Adjust the amount of lemon and salt to balance the natural sweetness of the peas. Taste and tweak before serving.
6. Can I make this salad in advance?
Prepare the peas and dressing up to a day ahead. Keep them separate and toss together just before serving.
7. What if my peas turn dull or soft?
If the peas lose their crunch or color, shock them in ice water immediately after blanching to preserve freshness.
8. When should I add herbs to the salad?
Use fresh herbs like mint or basil right before serving to keep their aroma and vibrant color intact.
9. What if my dressing looks split?
If the dressing separates, whisk vigorously or add a tiny splash of warm water to re-emulsify.
10. How do I fix a bland-tasting salad?
Taste the salad before serving and adjust lemon or seasoning to your liking, ensuring it’s lively and balanced.
This salad feels like a small celebration of spring’s fleeting bounty, with every bite offering a burst of fresh, crisp flavor that’s hard to beat. It’s perfect for those busy days when you want something quick, honest, and vibrant, without fussing over complicated ingredients or techniques.

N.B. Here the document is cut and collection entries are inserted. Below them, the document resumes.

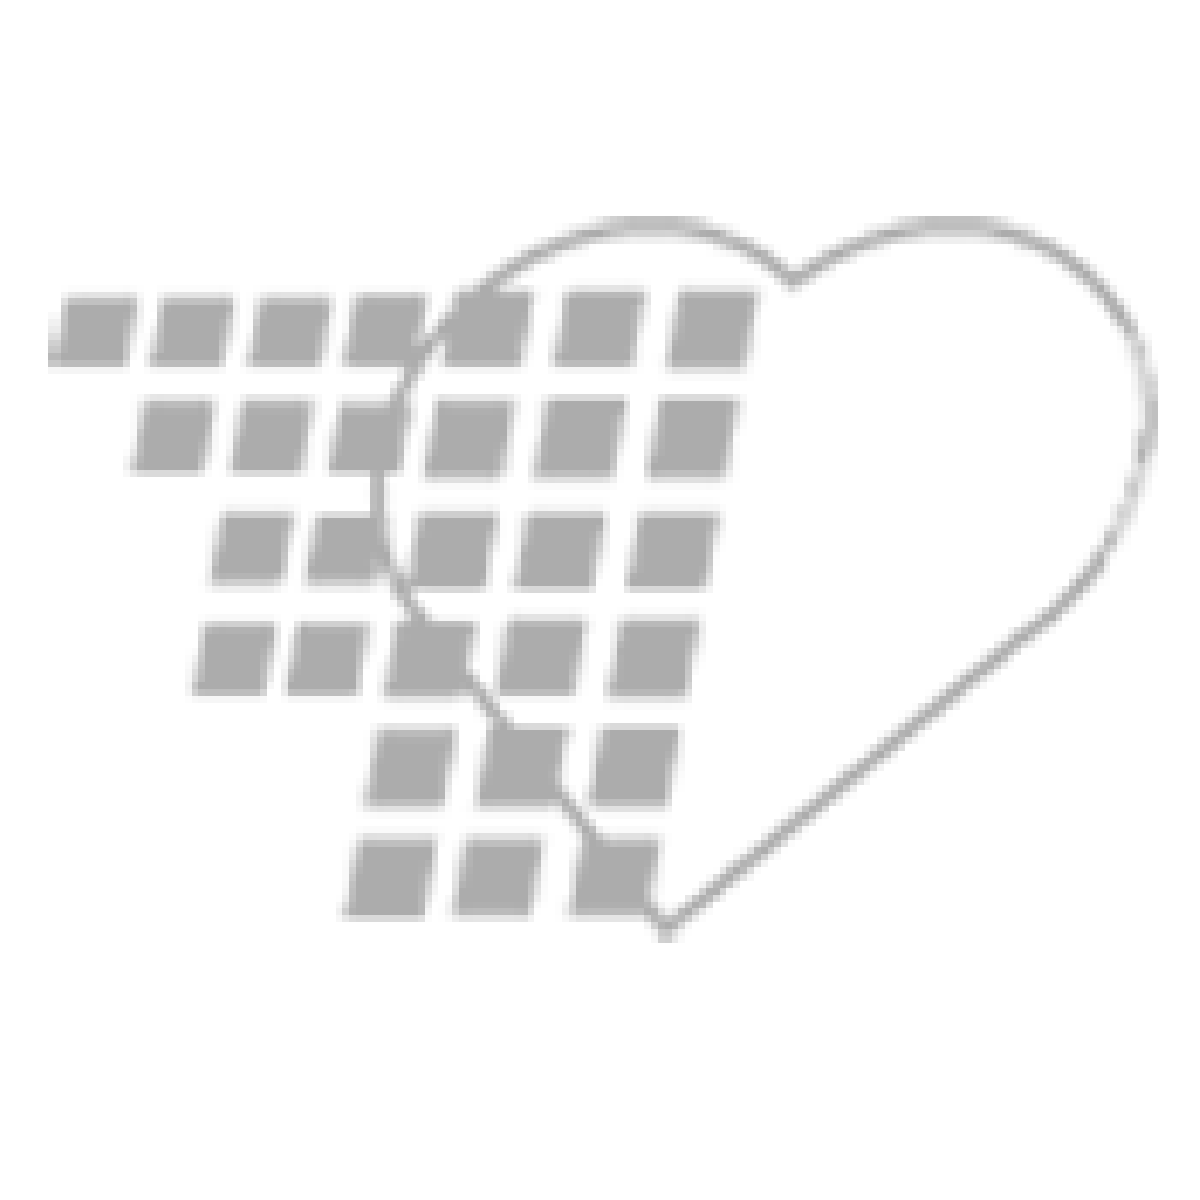 06-93-0079 - Demo Dose® Hyrdocodon APAP 5/500 mg - 1000 Pills/Jar
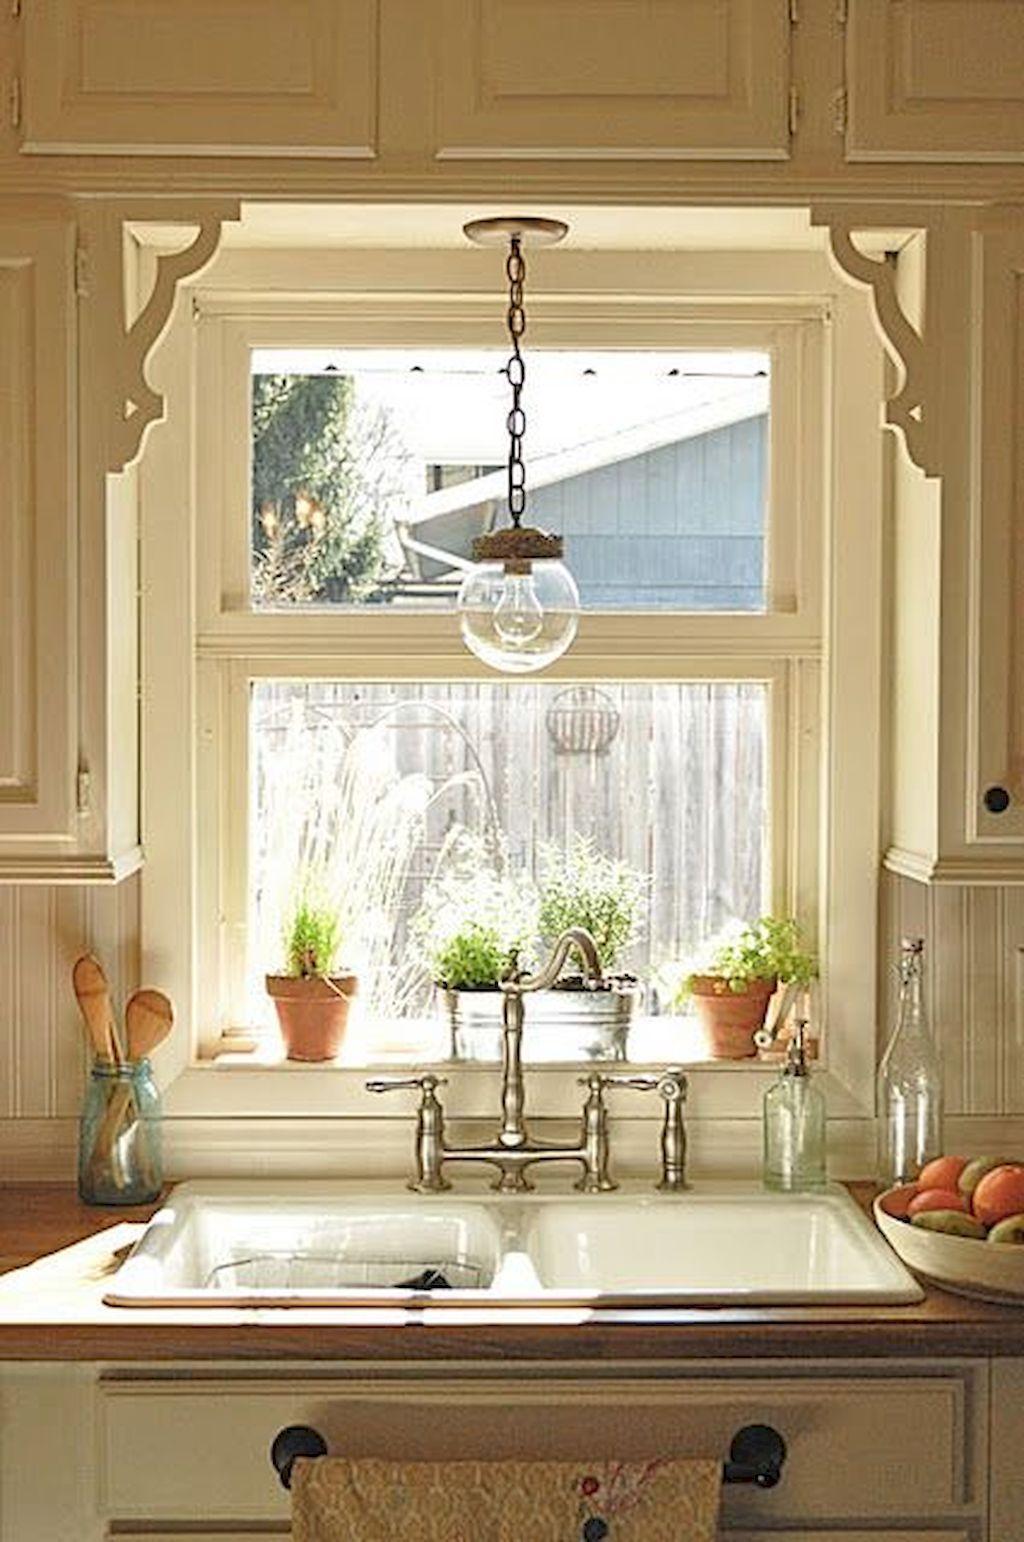 70 Rustic Kitchen Sink Farmhouse Style Ideas
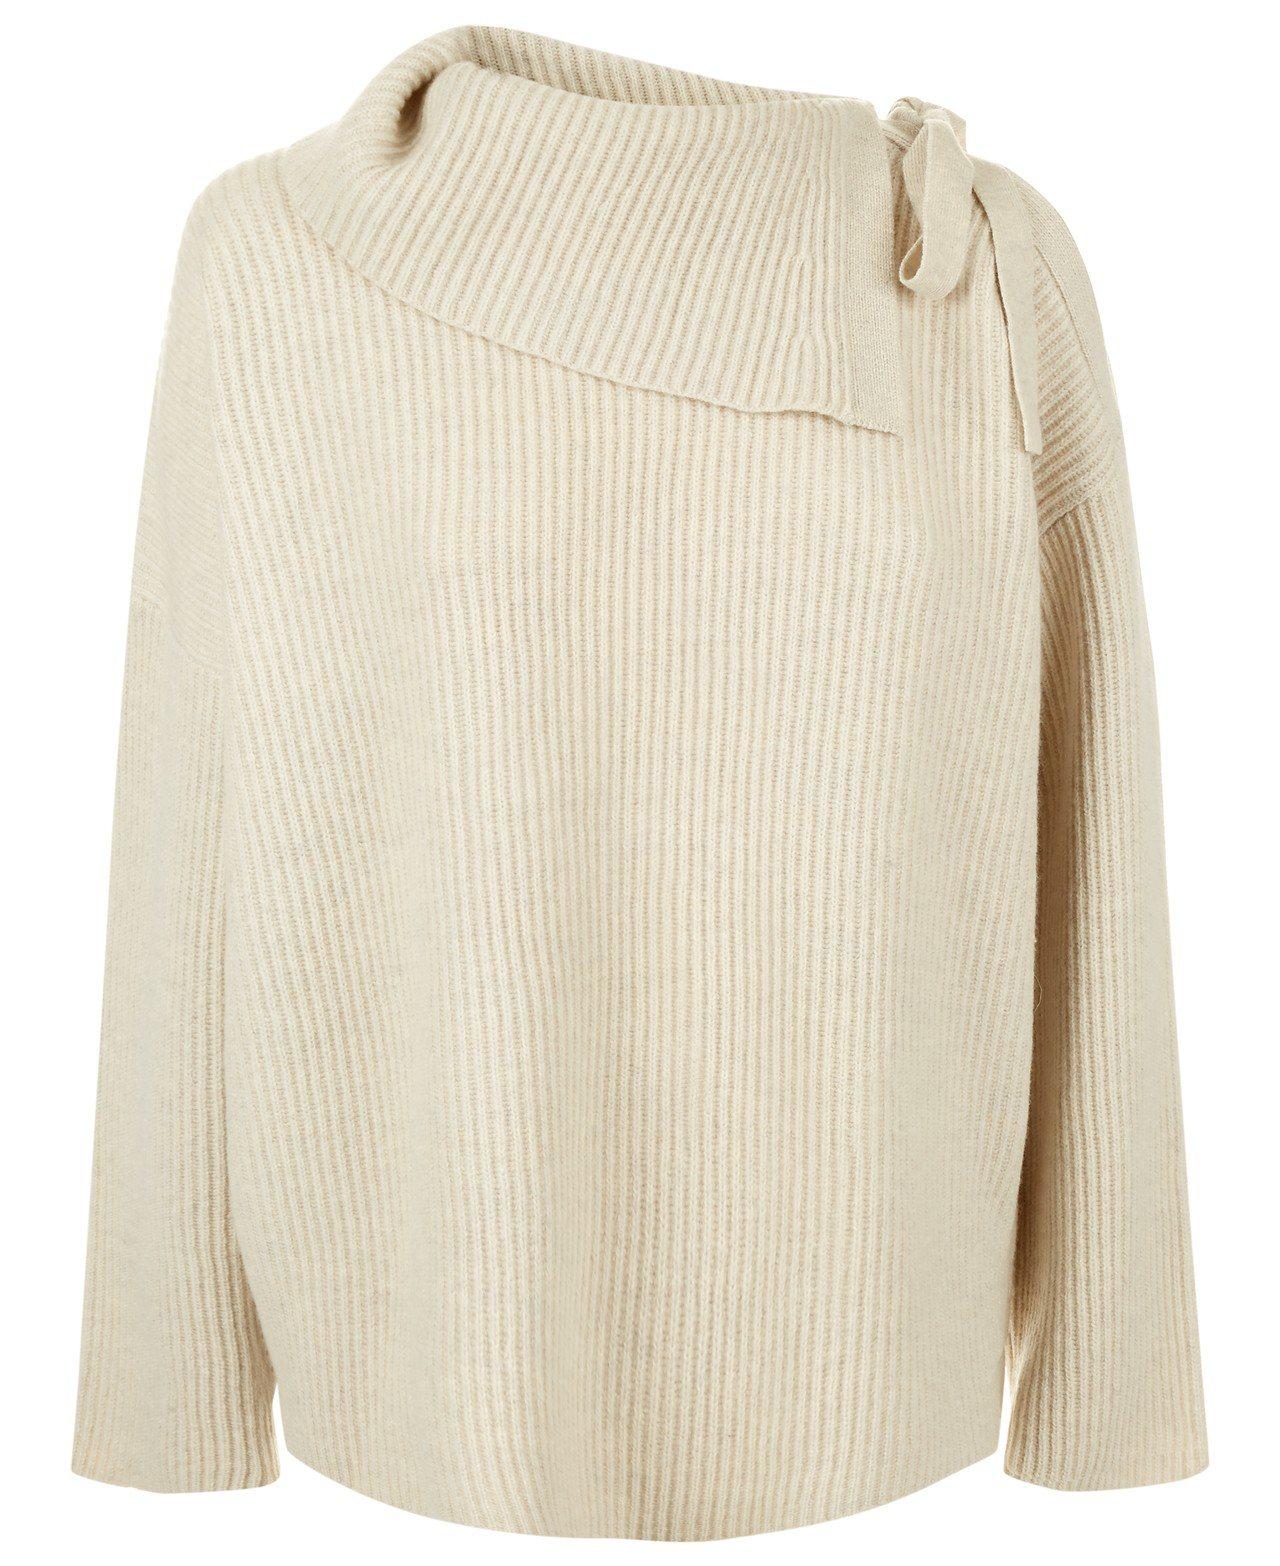 AllSaints Sura單肩蝴蝶結針織上衣,價格約8,700元。圖/AllS...
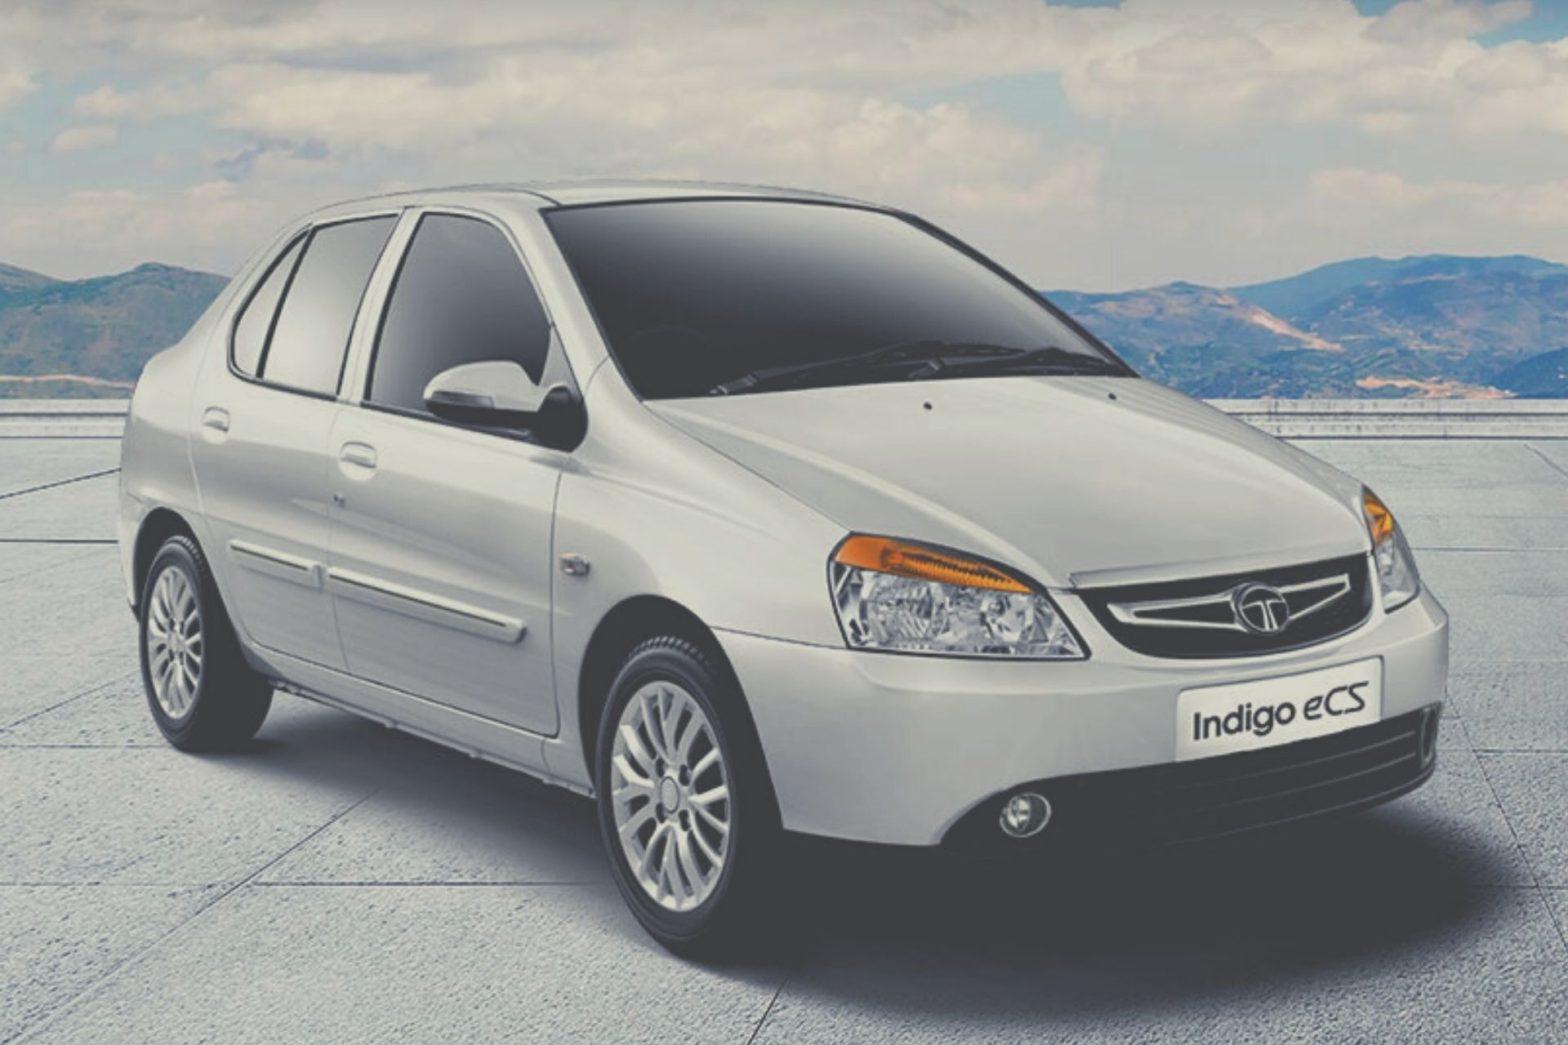 Tata Indigo Car Rental in Hyderabad with Outstation & Local Tariff
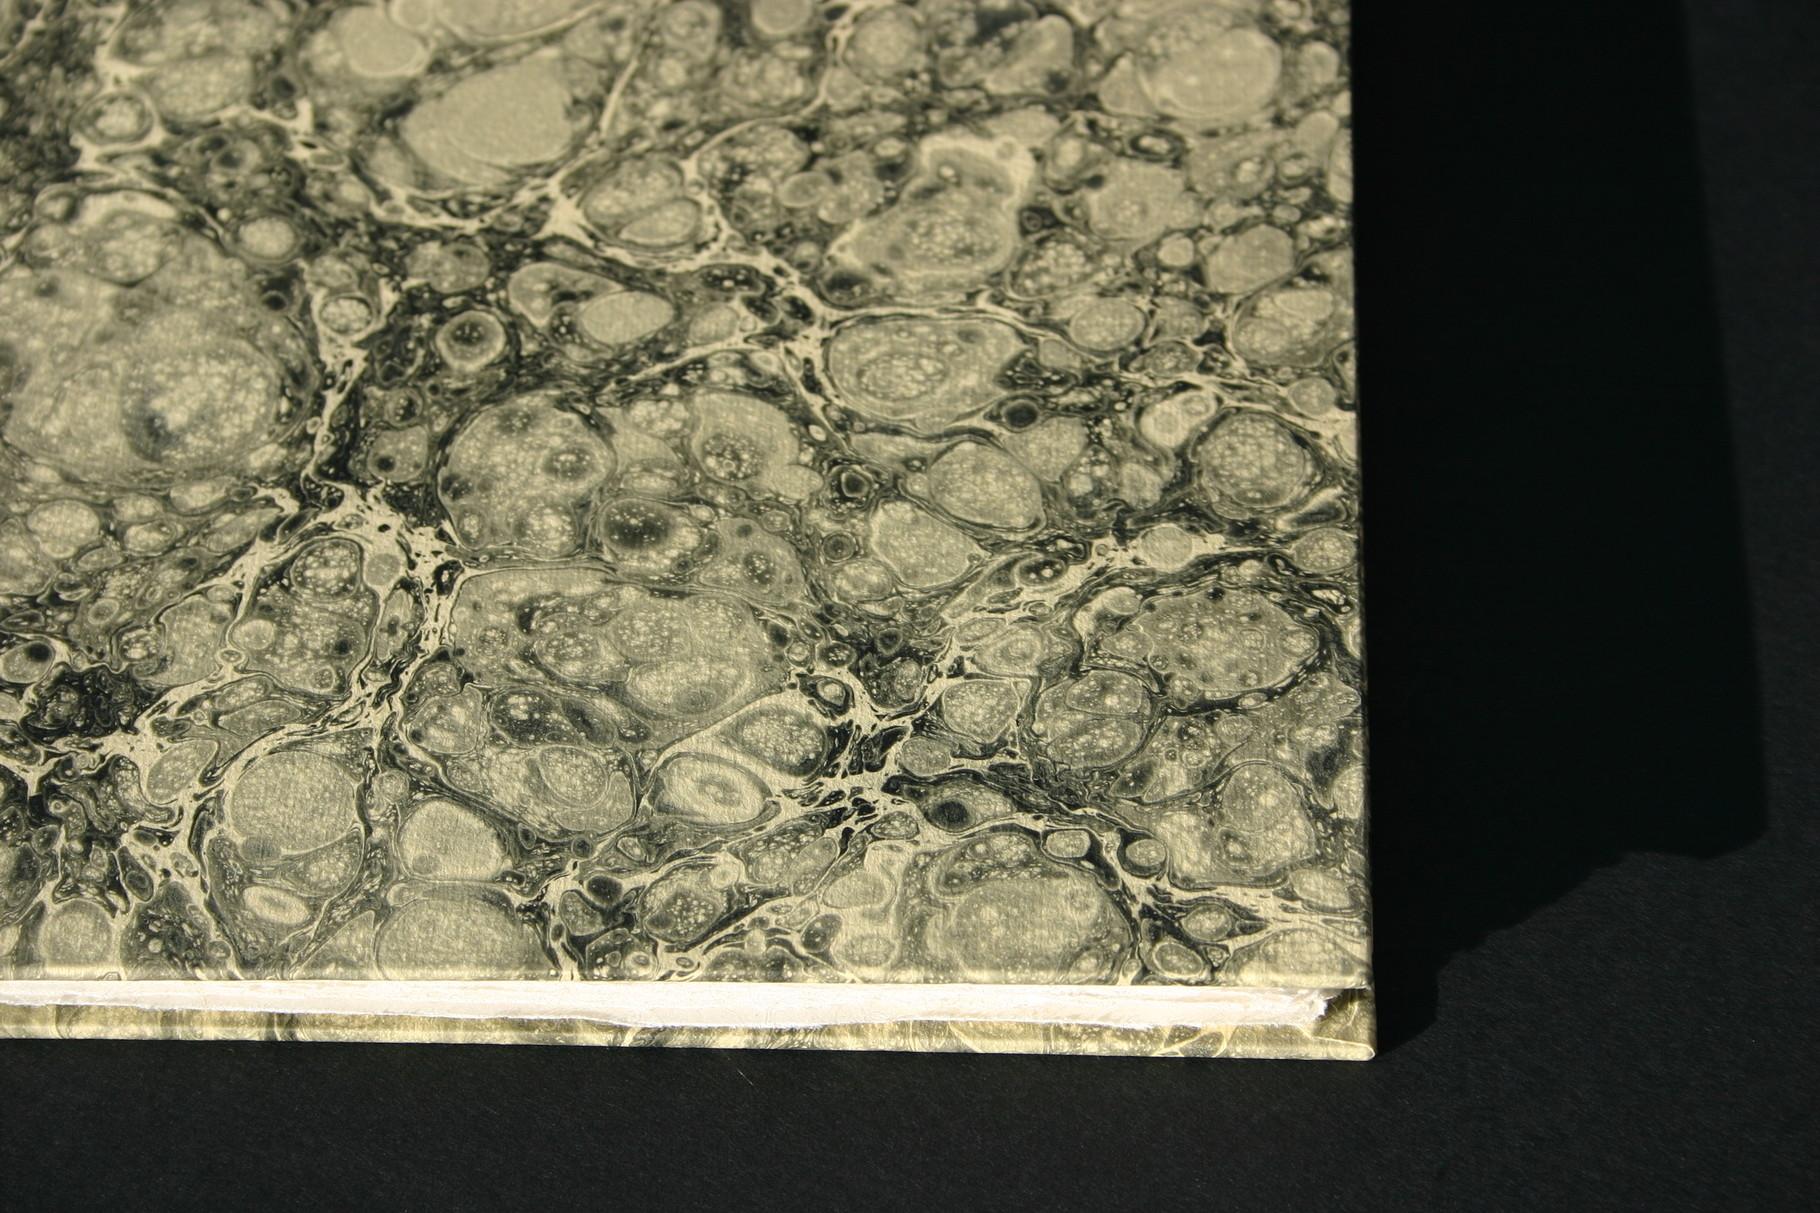 Gästebuch in Handmarmorpapier

In the end, it’s about the simple joy of fresh peas, zesty lemon, and the aroma of herbs—ingredients that remind me why I love this season so much. A bowl of this, and suddenly, spring feels a little more tangible, even on the busiest days.

Hi, I’m Anjali Arora, the quietly curious mind behind Landscape Insight. I’ve always been most comfortable in my own space. I’m not great at small talk (it still makes me a little uneasy), and I’ve never been the loudest person in the room. What I have always carried with me, though, are two steady loves that shape how I move through the world: animals and food.